On 19 June EOKA opened its second major offensive with attacks on police stations in Nicosia and Kyrenia. Two days later an explosion outside the Nicosia Central Police Station in the Turkish area killed a Greek bystander, the first fatal casualty, and injured thirteen Turks and one Armenian. On 22 June the first mountain guerrilla group to complete its training, led by Renos Kyriakides, shot up Amiandos Police Station killing the sergeant in charge. Bombs were thrown in bars and at army houses and incidents occurred in many parts of the island. The rebels had again relied mainly on bombs. But the use at Amiandos of automatic weapons for the first time was an important development and the first serious indication that the Archbishop's control was dwindling. The second offensive had aroused the wrath of the Turks. Their leaders issued public warnings that a renewal of incidents in the Turkish quarter would lead to intercommunal strife, and to reprisals against the Greeks should any more Turks be injured. The deterioration in the island's security was serious. But Grivas was not yet satisfied. The Nicosia execution group had been guilty of cowardice; so far not a single traitor had been assassinated. Some EOKA members were culpable of negligence and inefficiency. 'Romanes' had failed to cut the telephone wires before attacking Aghios Epiktikos Police Station; 'Kimon' had lost a Sten gun when, without the EOKA Leader's permission, he was arrested trying to move it hidden inside a violin case to a new location. At the end of the month Grivas halted the offensive.

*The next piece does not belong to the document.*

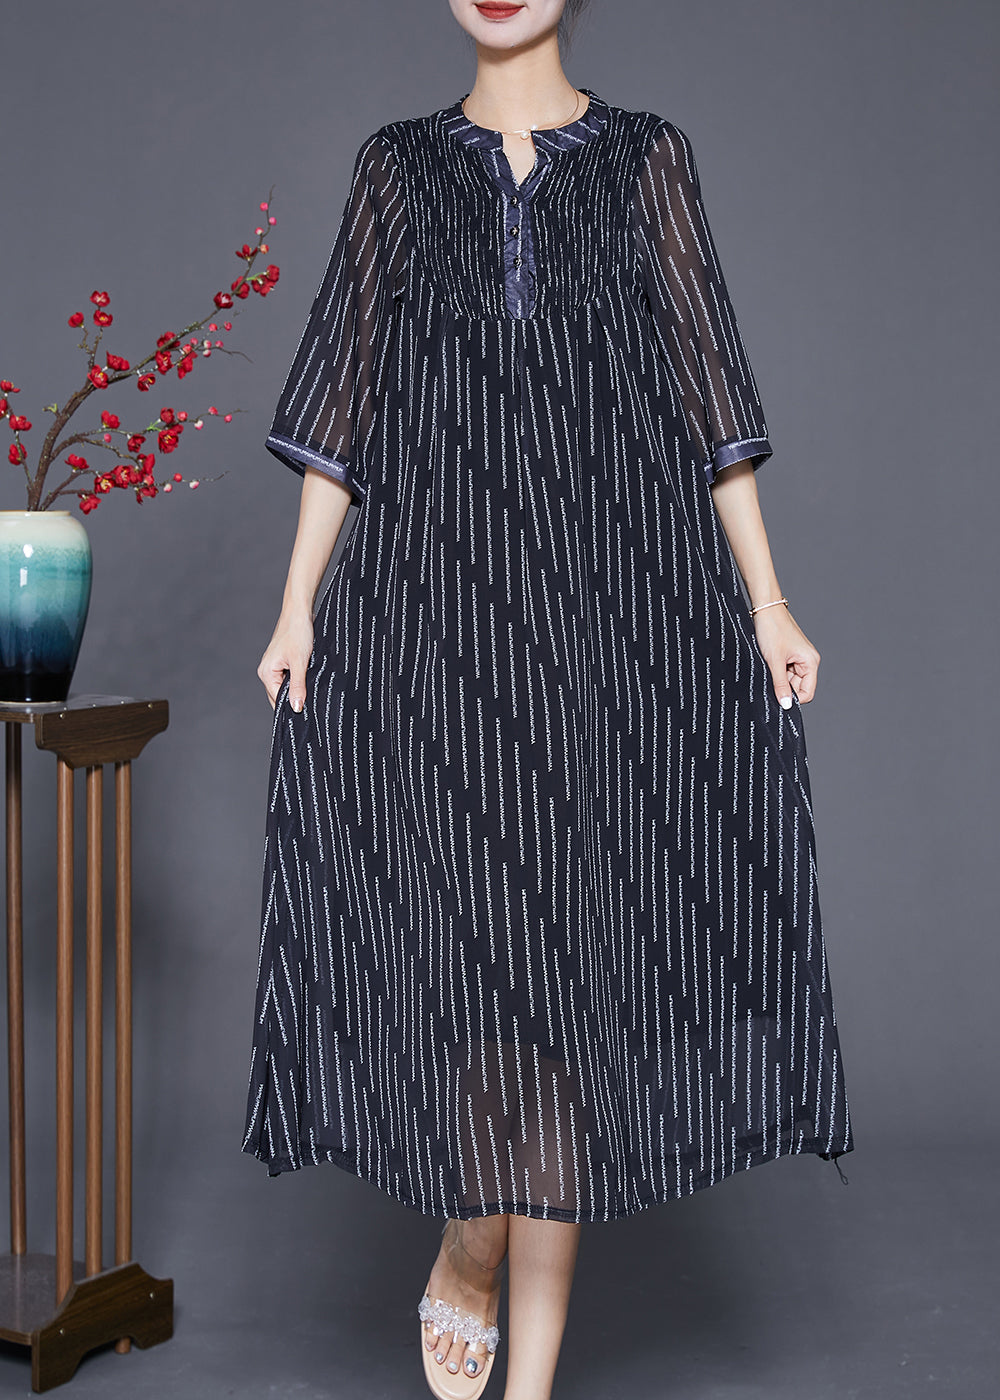 French Black Striped Wrinkled Draping Chiffon Dresses Summer

Political Developments, Summer 1955

The summer found the Cypriots in a mood of political confusion. The first wave of terrorism amounted to no more than a token revolt and did not constitute a serious security problem. Nevertheless it had some impact on the attitudes of the Greek Cypriot population and of the Cyprus authorities. The struggle for Enosis in theory was one thing, but now that the rebellion had actually started its consequences were un- predictable. Many Cypriots were apprehensive and would have welcomed a face-saving formula such as an interim period of self-government with the promise of self-determination in the distant future. British officials, for their part, considered that a new political move was urgently needed to halt the deterioration in law and order. In London the Cabinet had been forced to reconsider its position over Cyprus since Greece had raised the question at the United Nations General Assembly in December 1954-. But the new constitutional proposals and the Cyprus policy statement were delayed owing to the forthcoming general election. On 26 May the Conservatives were returned to power. The new Foreign Secretary, Mr Harold Macmillan, hitherto uncommitted on the Cyprus question, favoured a new approach. This became public on 30 June when the following invitation was issued:

Her Majesty's Government have been giving further consideration to the strategic and other problems affecting alike the United Kingdom, Greece and Turkey in the Eastern Mediterranean. They consider that the association of the three countries in that area based on mutual confidence is essential to their common interests. Her Majesty's Government accordingly invite the Greek and Turkish Governments to send representatives to confer with them in London at an early date on political and defence questions which affect the Eastern Mediterranean including Cyprus.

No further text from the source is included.